- Directed by: Vijay S. Jodha
- Written by: Vijay S. Jodha
- Produced by: PSBT & Prasar Bharati
- Starring: Karimbhai Sumara, Rehmat Khan Solanki, Anil Kumar Gupta
- Cinematography: Sanjay Agrawal
- Edited by: Vijay S. Jodha
- Distributed by: Syncline Films Pvt. Ltd.
- Release date: 23 February 2005 (India);
- Running time: 28 minutes
- Country: India
- Language: English/Gujarati/Hindi

= Healers for All Reasons =

Healers For All Reasons (2005) is a 28-minute documentary directed by Vijay S. Jodha. It looks at two traditional Indian village healers whose lives and work embody altruism, tolerance and sustainability.

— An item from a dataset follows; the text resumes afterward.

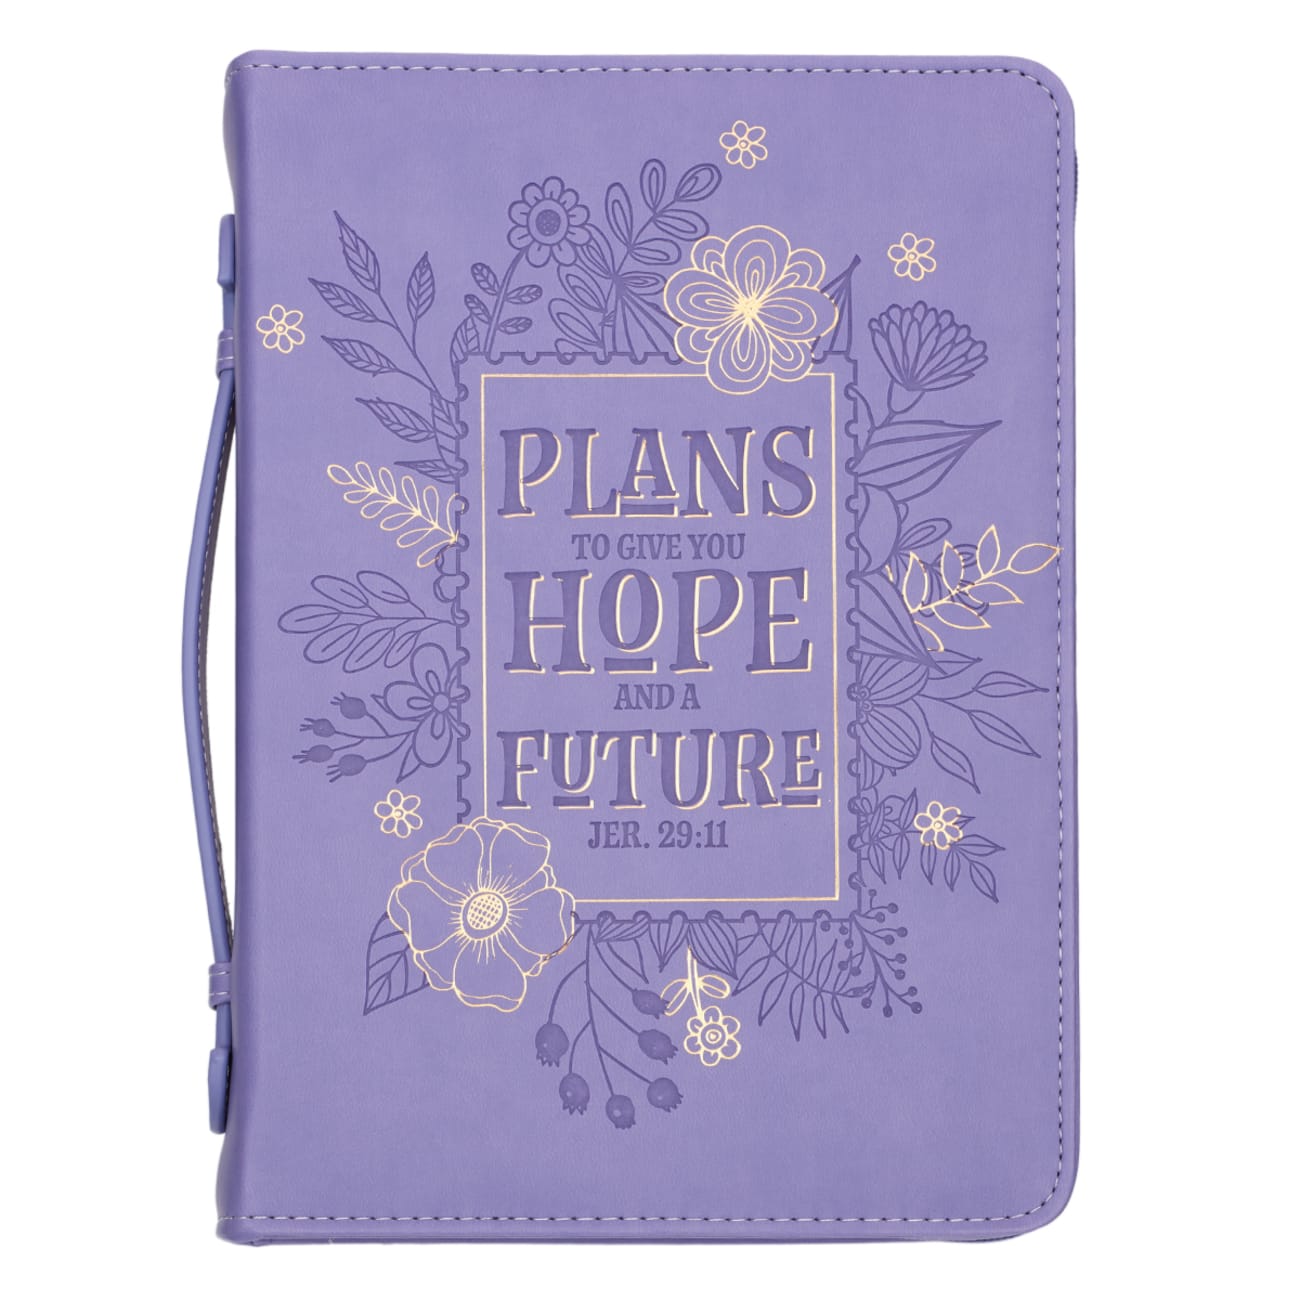 Bible Cover Trendy Medium Plans to Give You Hope and a Future, Purple Floral Luxleather (Jer 29: 11) Bible Cover

The documentary was made in English, Gujarati and Hindi.

==Content==
Filmed in the aftermath of 2002 Gujarat violence in which over a thousand people were killed, and mistrust between Muslim and Hindu communities ran high, the film focuses on the work of two Muslim healers who live and work among predominantly Hindu communities. Karimbhai Sumra of Virampur village, Gujarat, uses traditional medicine to heal humans, animals, and even plants. The last category includes producing a variety of herbal pesticides for farmers. Rehmat Khan Solanki of Chur Village, Gujarat, on the other hand, specializes in treating animals and uses traditional medicine and environmentally friendly methods to heal them. Although a Muslim, he is called 'Gopal Bapa' by Hindu villagers for being a benefactor of cattle like Hindu deity Lord Krishna.

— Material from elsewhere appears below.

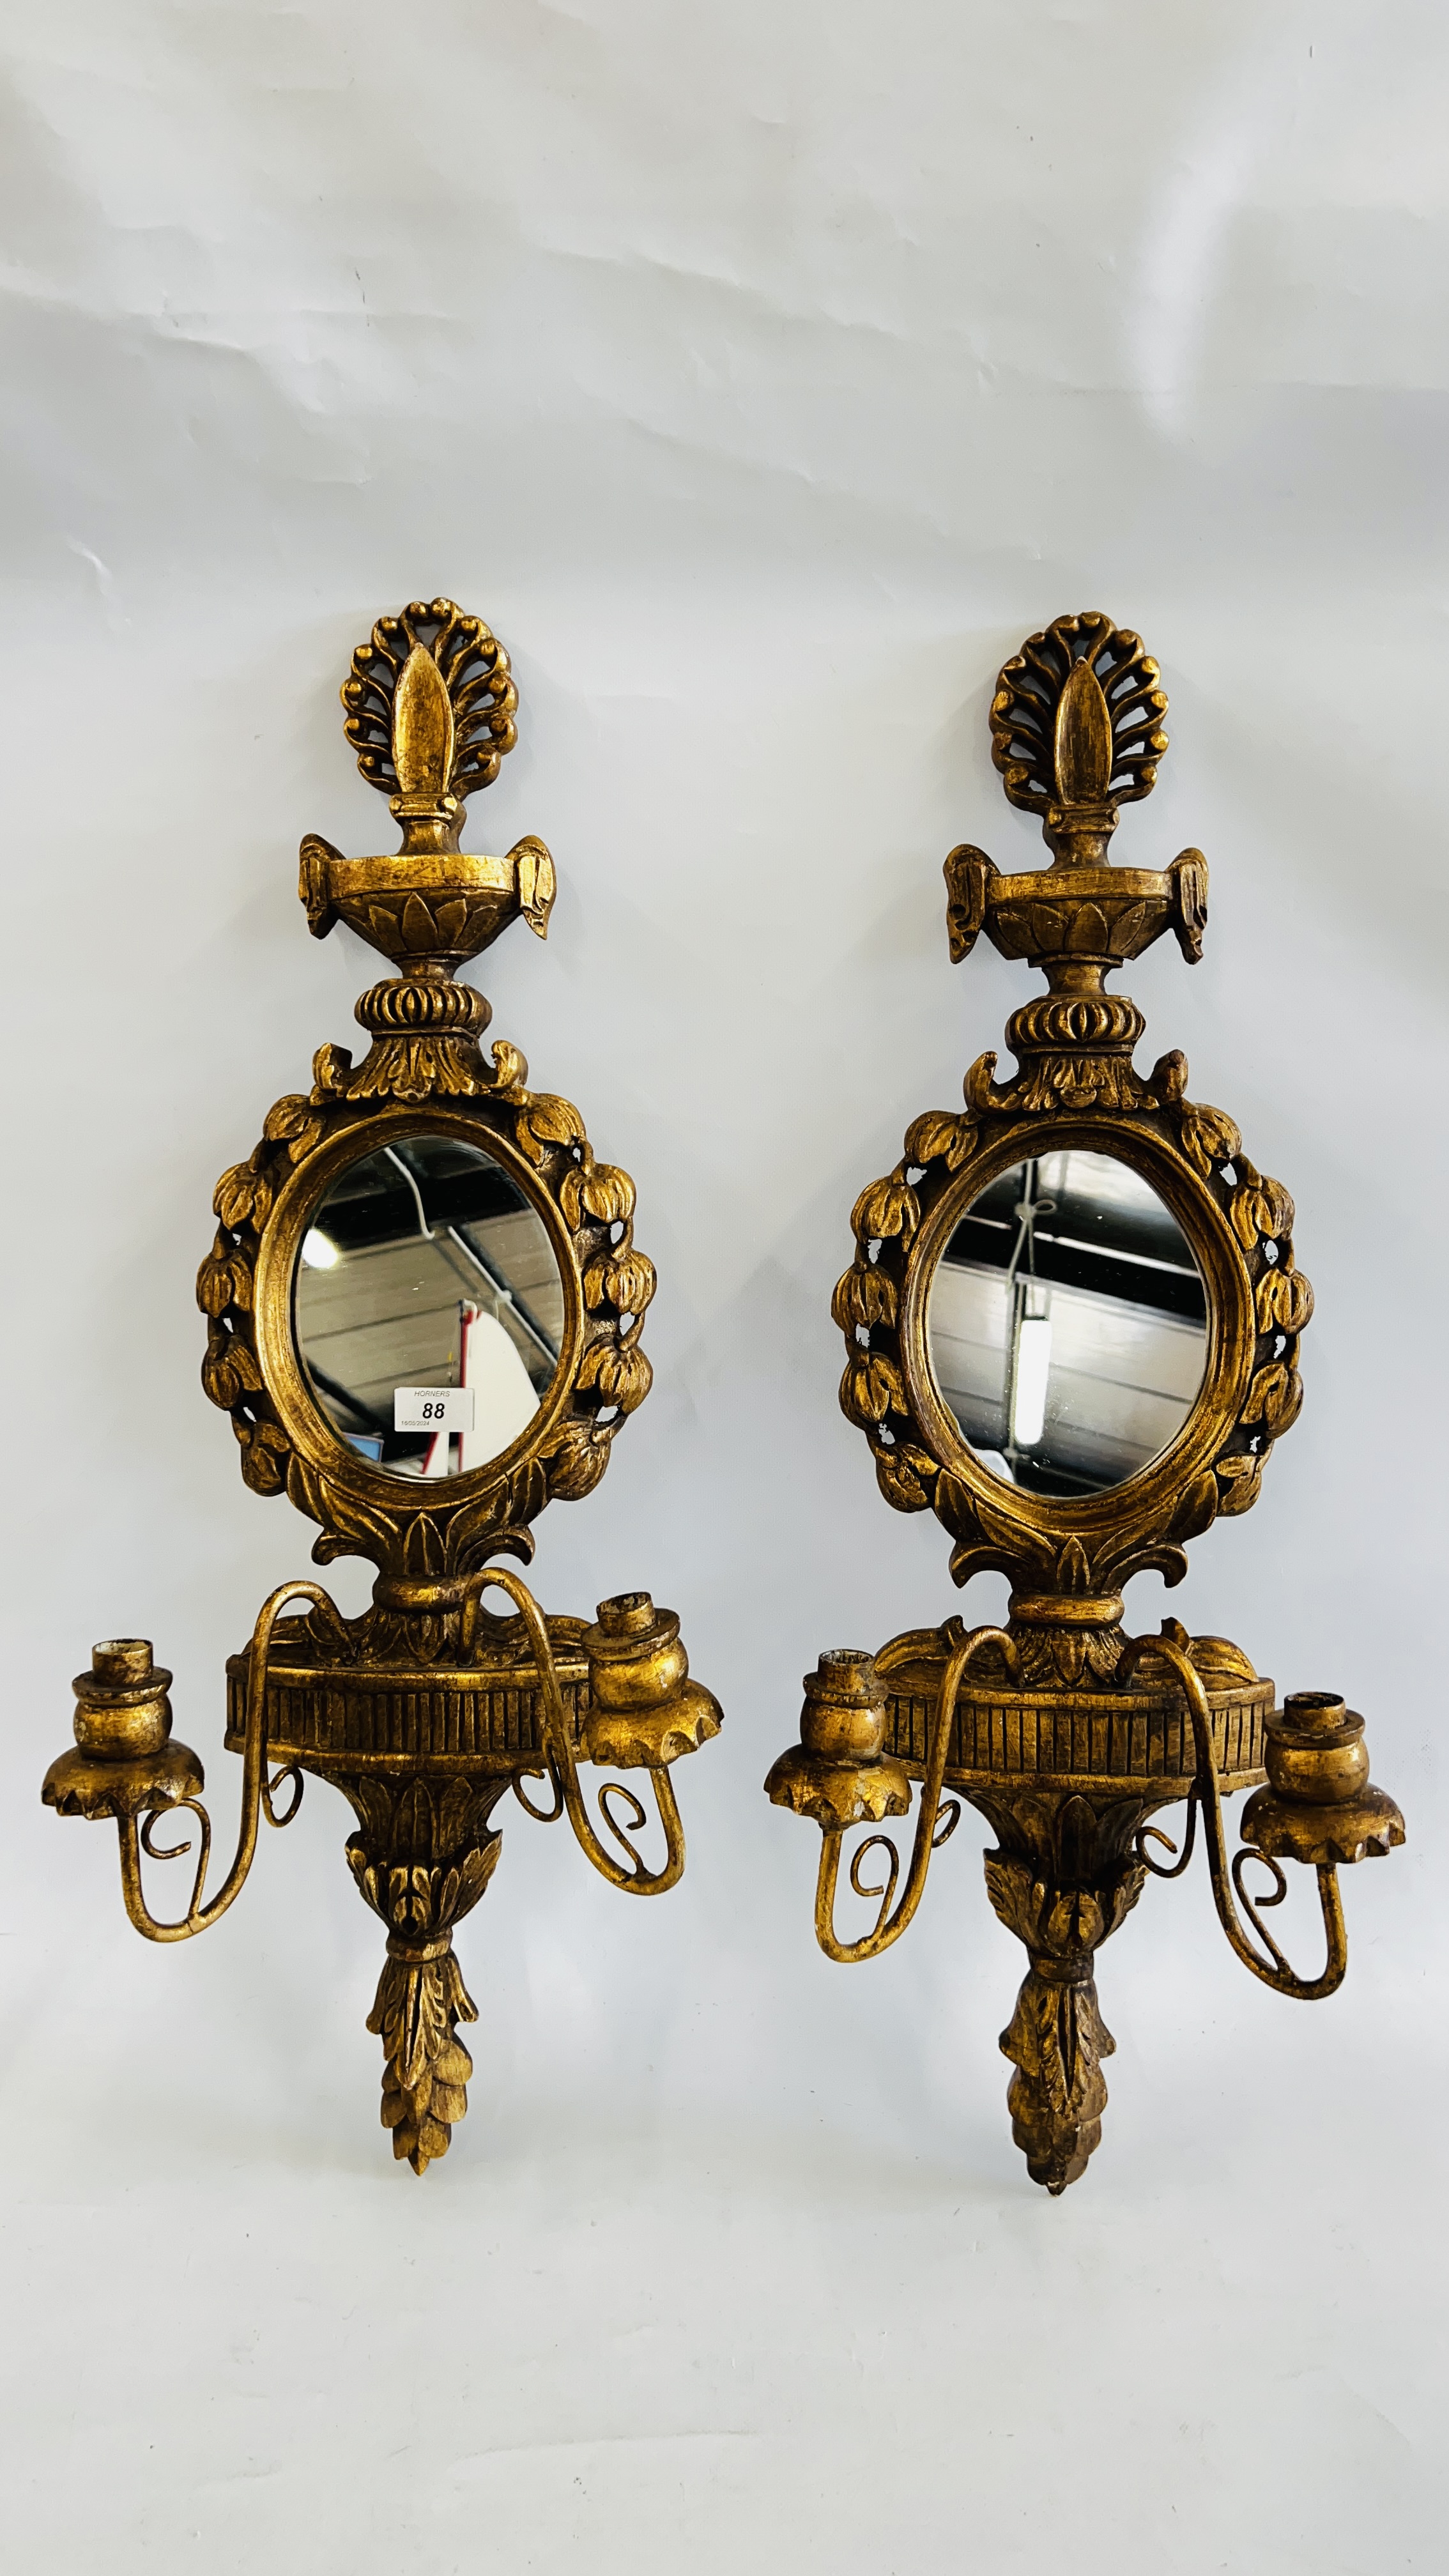 A PAIR OF ELABORATE GILT FINISH TWO BRANCH WALL SCONCES WITH MIRRORED INSERTS H 76CM.

The two healers work in places that lack hospitals and modern veterinary services. They are not wealthy but do not demand any fee for their services. They are happy with whatever people give to them in return. Their knowledge of various local plants and their healing properties has been documented and recognized by mainstream scientists. Prof. Anil Kumar Gupta of Indian Institute of Management, Ahmedabad and Executive Vice Chair of the National Innovation Foundation, talks on camera about his association with the two healers and the importance of their work in the context of protection and conservation of indigenous knowledge systems.

==Reception==
Reviews for the film were positive, with India Today describing it as "a unique documentary on harmony" and that the film was "a testament perhaps to the fact that politics is yet to triumph over brotherhood and compassion." Writing for Down to Earth, Nicki Kindersley said that "the documentary highlights the problem of maintaining a traditional system within modern corporate structures." The Hindu said that the film "brings forth the pluralistic identity of the country in more ways than one."